You will only want to apply this change to numeric columns, so those must be identified. Then use lapply. This creates a NEW data.table. Chinsoon's answer will update by reference - which may be better depending on the scenario.
library(data.table)
iris_example <- data.table(iris)
numeric_cols <- names(iris)[sapply(iris, is.numeric)]

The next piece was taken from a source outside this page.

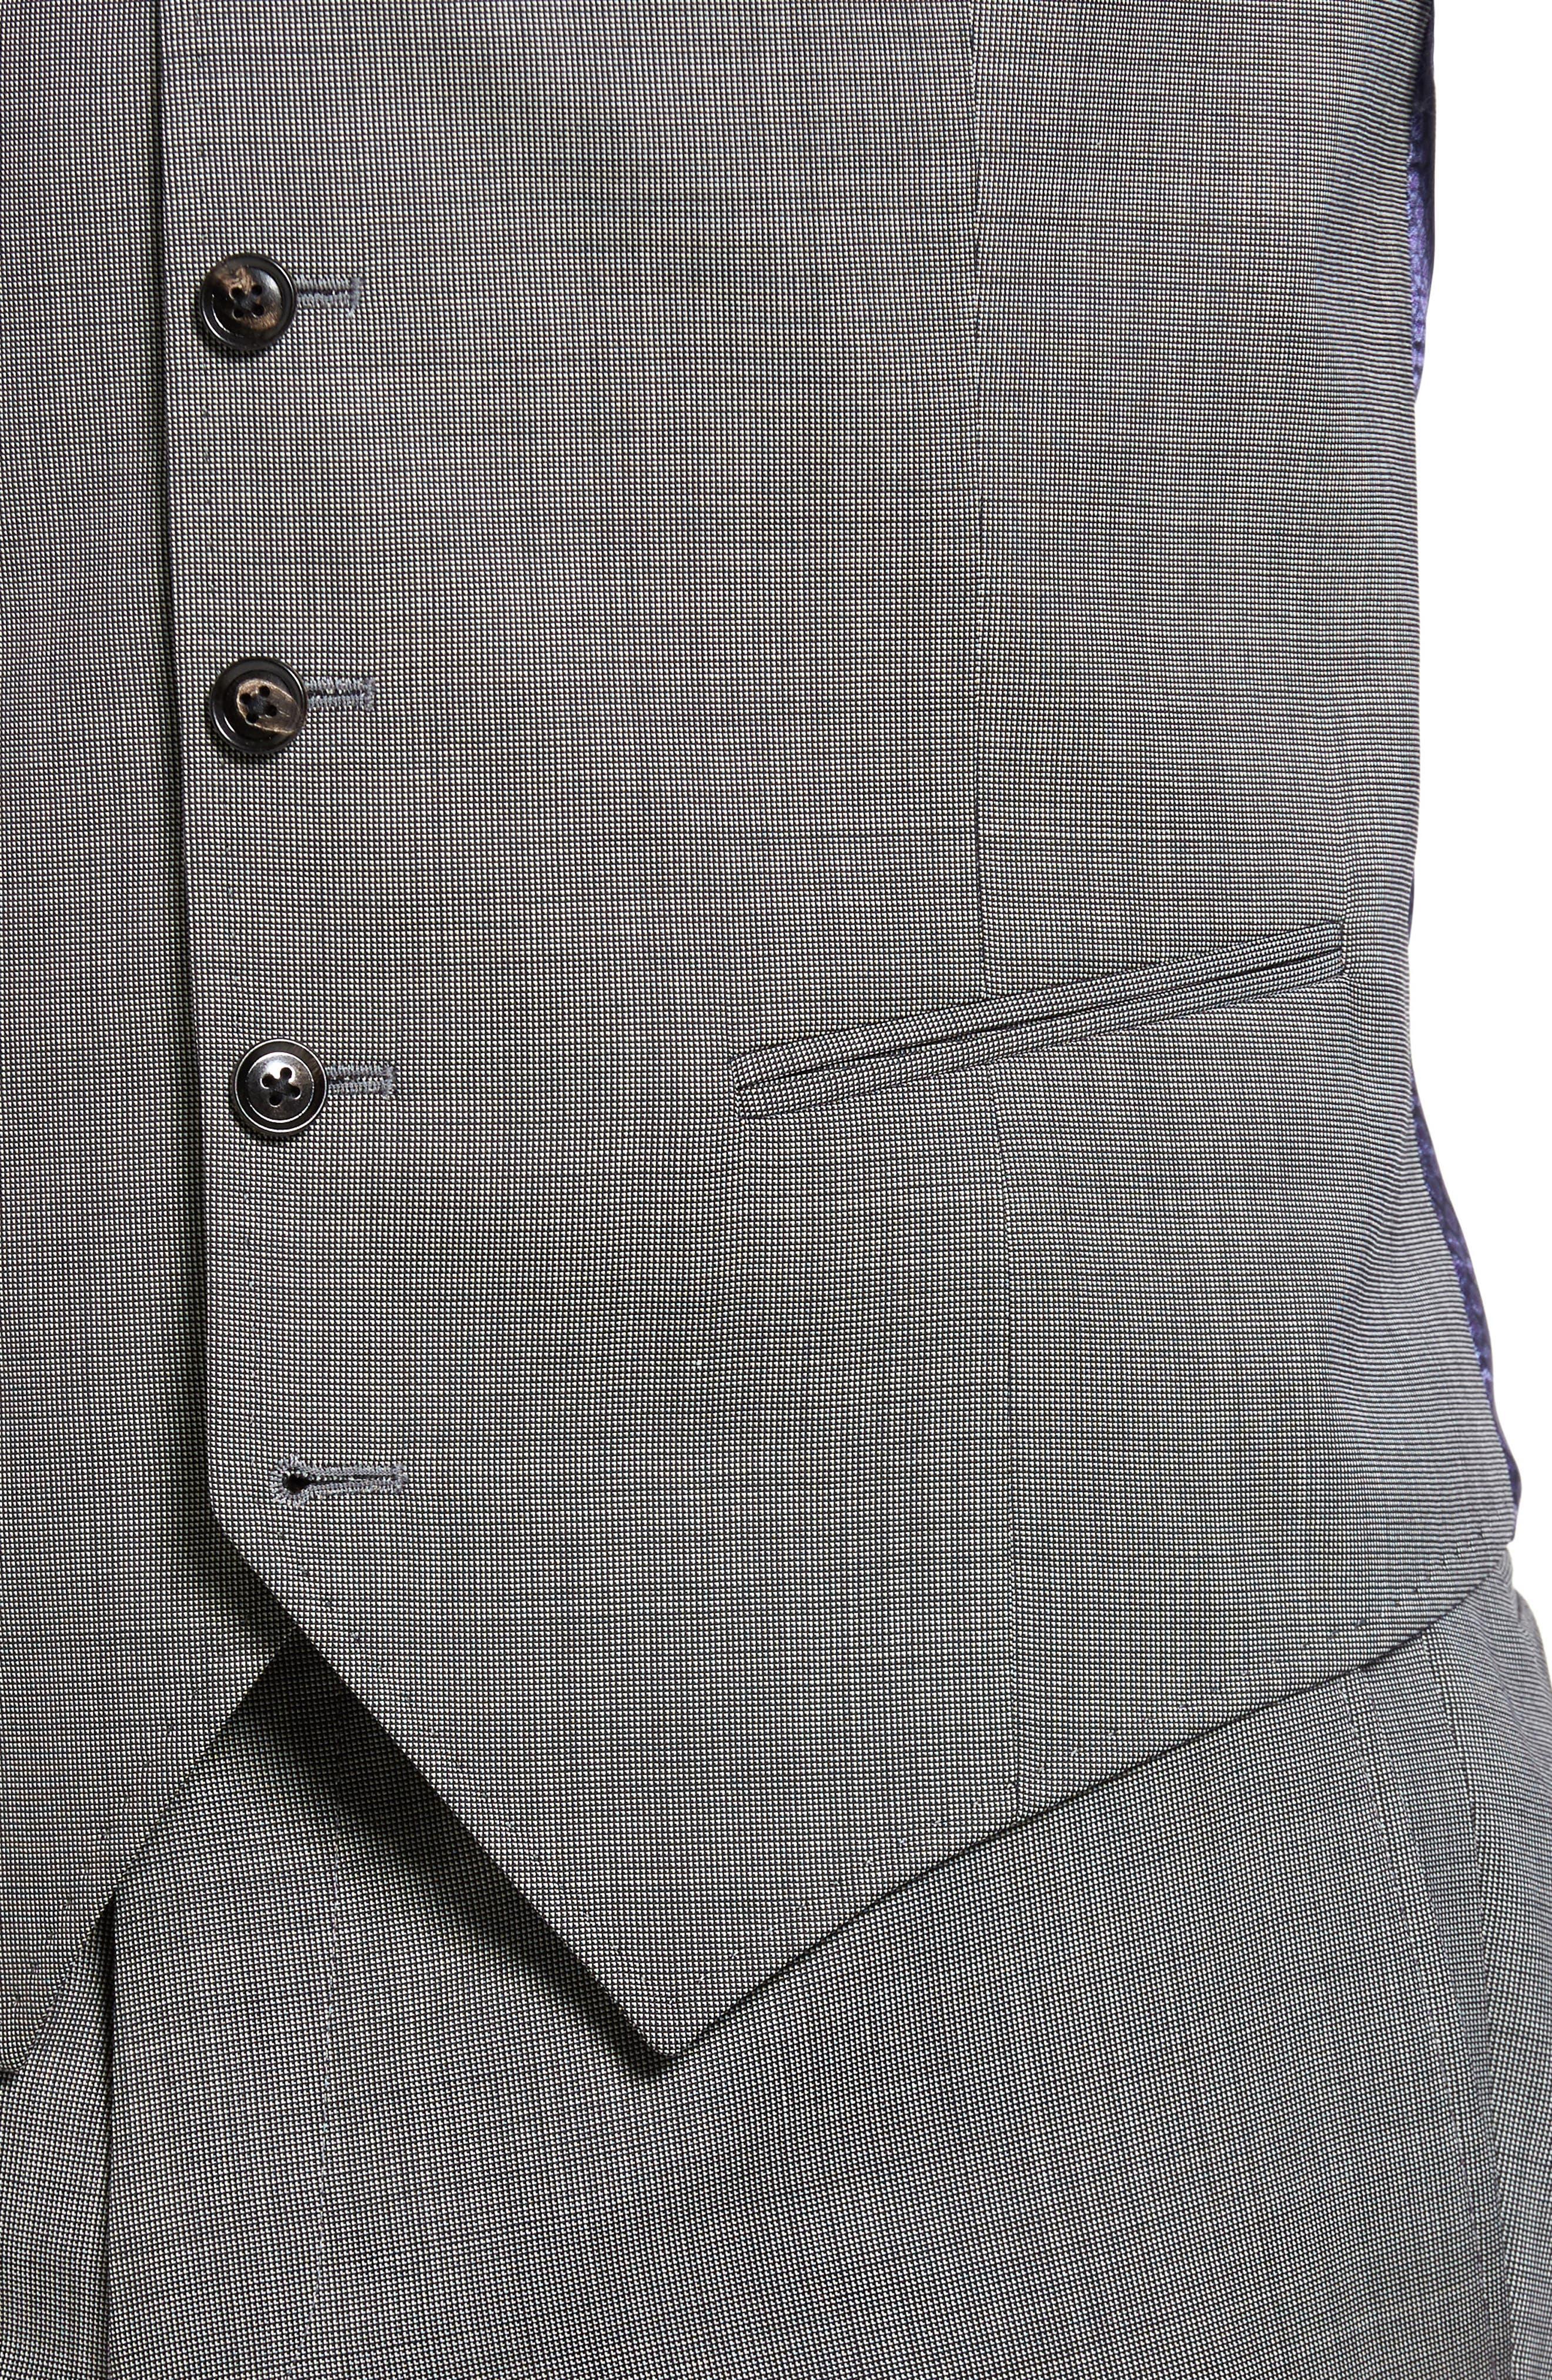 Jones Trim Fit Wool Vest,                             Alternate thumbnail 18, color,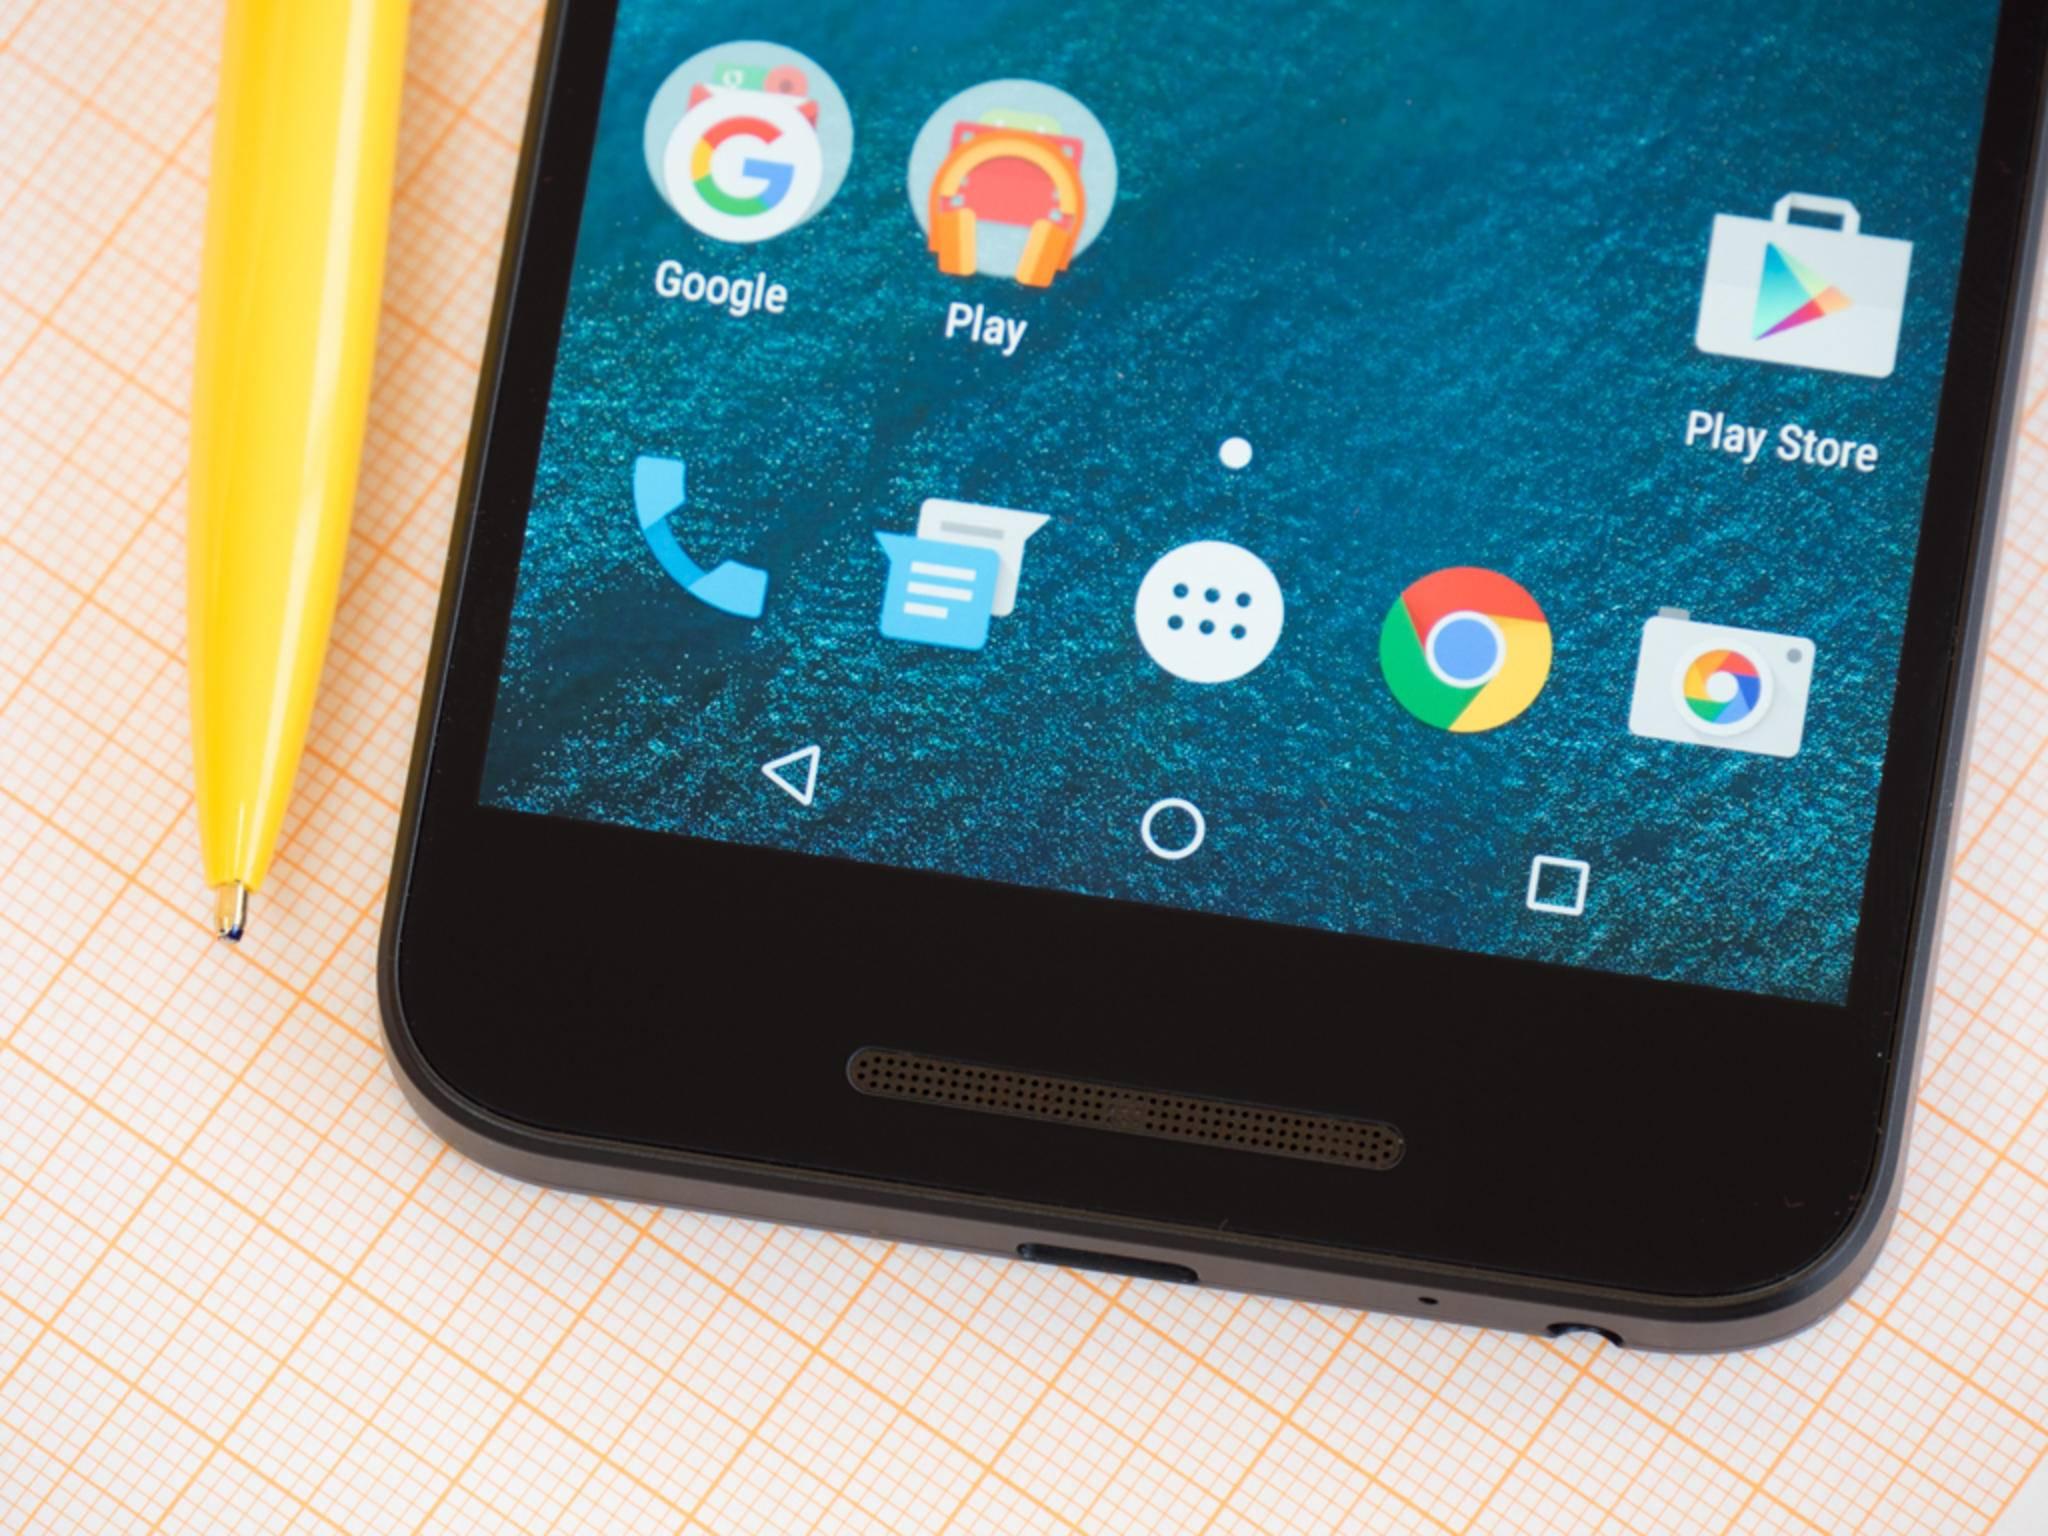 Auf dem Smartphone läuft Android 6.0 Marshmallow.

iris_example[, lapply(.SD, function(x) x/sum(x)), .SDcols = numeric_cols]
# if you want to update by reference
iris_example[, (numeric_cols) := lapply(.SD, function(x) x/sum(x)), .SDcols = numeric_cols]
You can use get
as follows:
cols <- paste0("S", 1:4)
dt[, (cols) := lapply(cols, function(x) get(x) / sum(get(x)))]
edit: added some timings for future reference
library(data.table)
DT <- as.data.table(matrix(rnorm(4*1e7), ncol=4))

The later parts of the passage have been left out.